Since his retirement in 1997, Mr Zaporozhsky had been working for an American company in the state of Maryland, but he was arrested in Moscow in 2001.
The court gave Mr Zaporozhsky a tougher sentence than the 16 years demanded by prosecutors.
'Secrets to CIA'
He was also stripped of the rank of colonel and of several medals he received as a senior officer in the intelligence services.
"The official version is that he was spying for a number of foreign governments," Yevgeny Komissarov, the head of the prosecutor's press service, told Reuters news agency.
However, Russia's Itar-Tass news agency said Mr Zaporozhsky had passed on secrets to the CIA.

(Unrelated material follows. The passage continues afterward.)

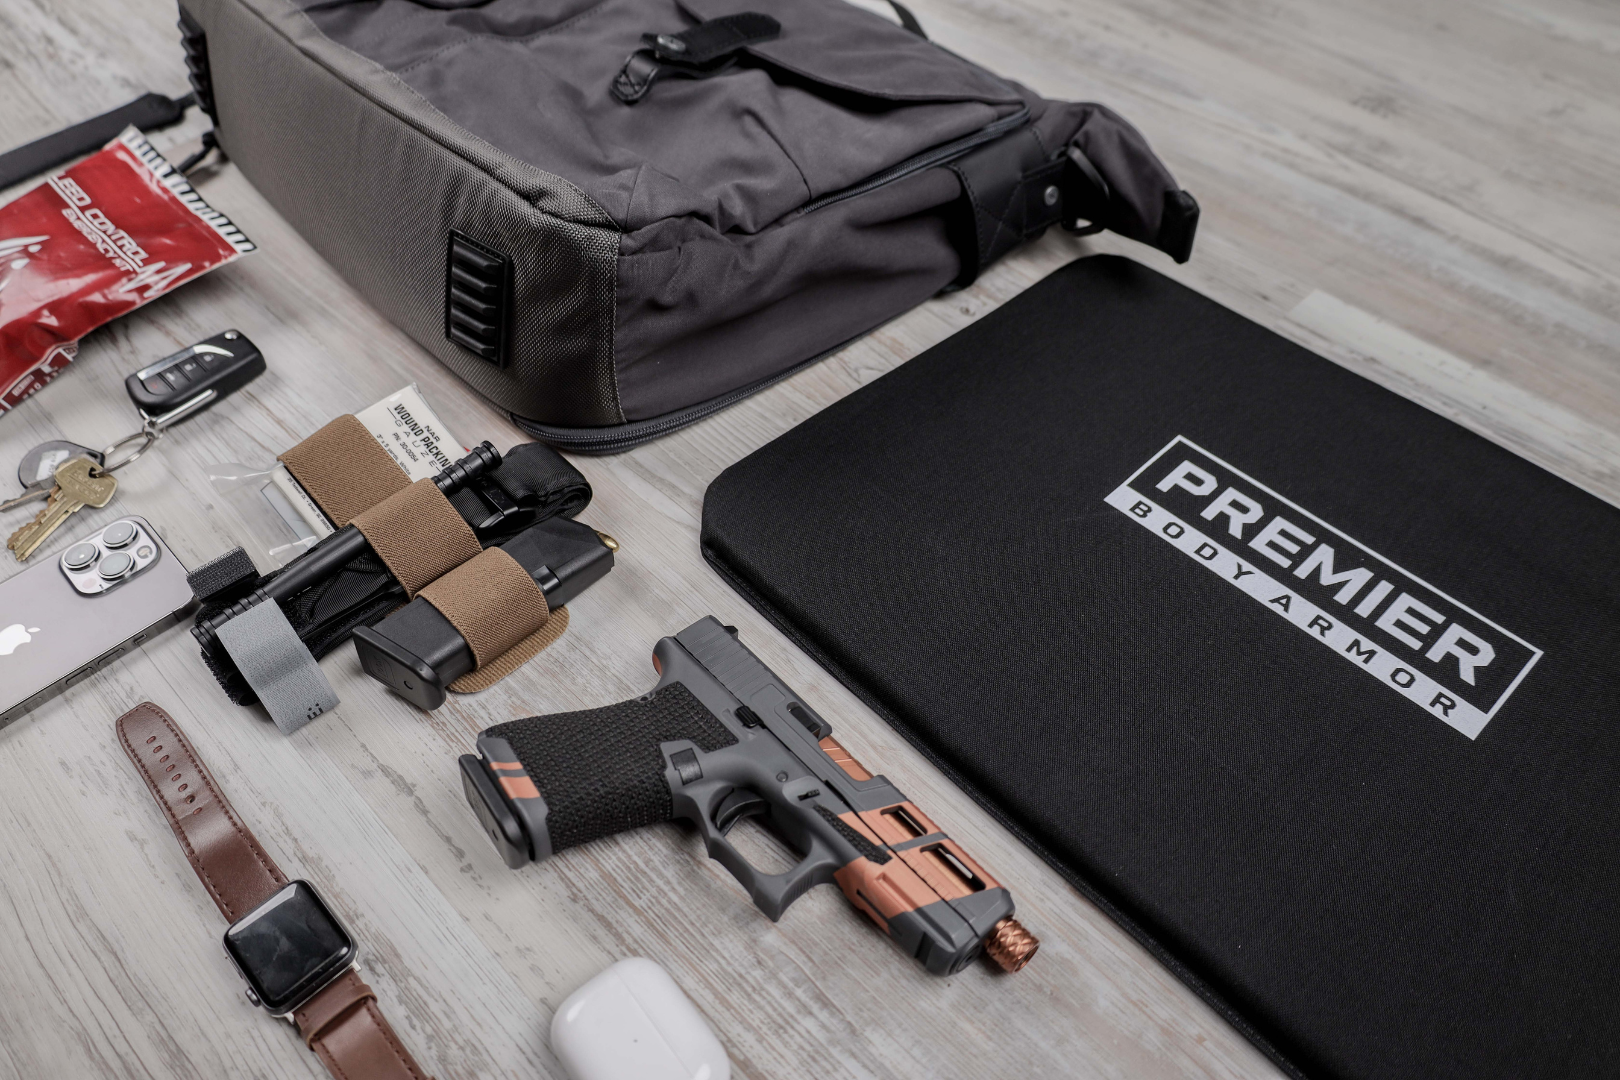 vertx bag loadout with bulletproof insert, extra mags, and everyday items

There have been several spy cases in the US and Russia in recent years, with Washington expelling more than 50 Russian diplomats.
And in February a Russian court gave university professor Anatoly Babkin an eight-year suspended sentence for passing on information to former US naval intelligence officer Edmund Pope.
Mr Pope was himself given a 20-year prison sentence in December 2000 but was pardoned by Russian President Vladimir Putin because of ill health.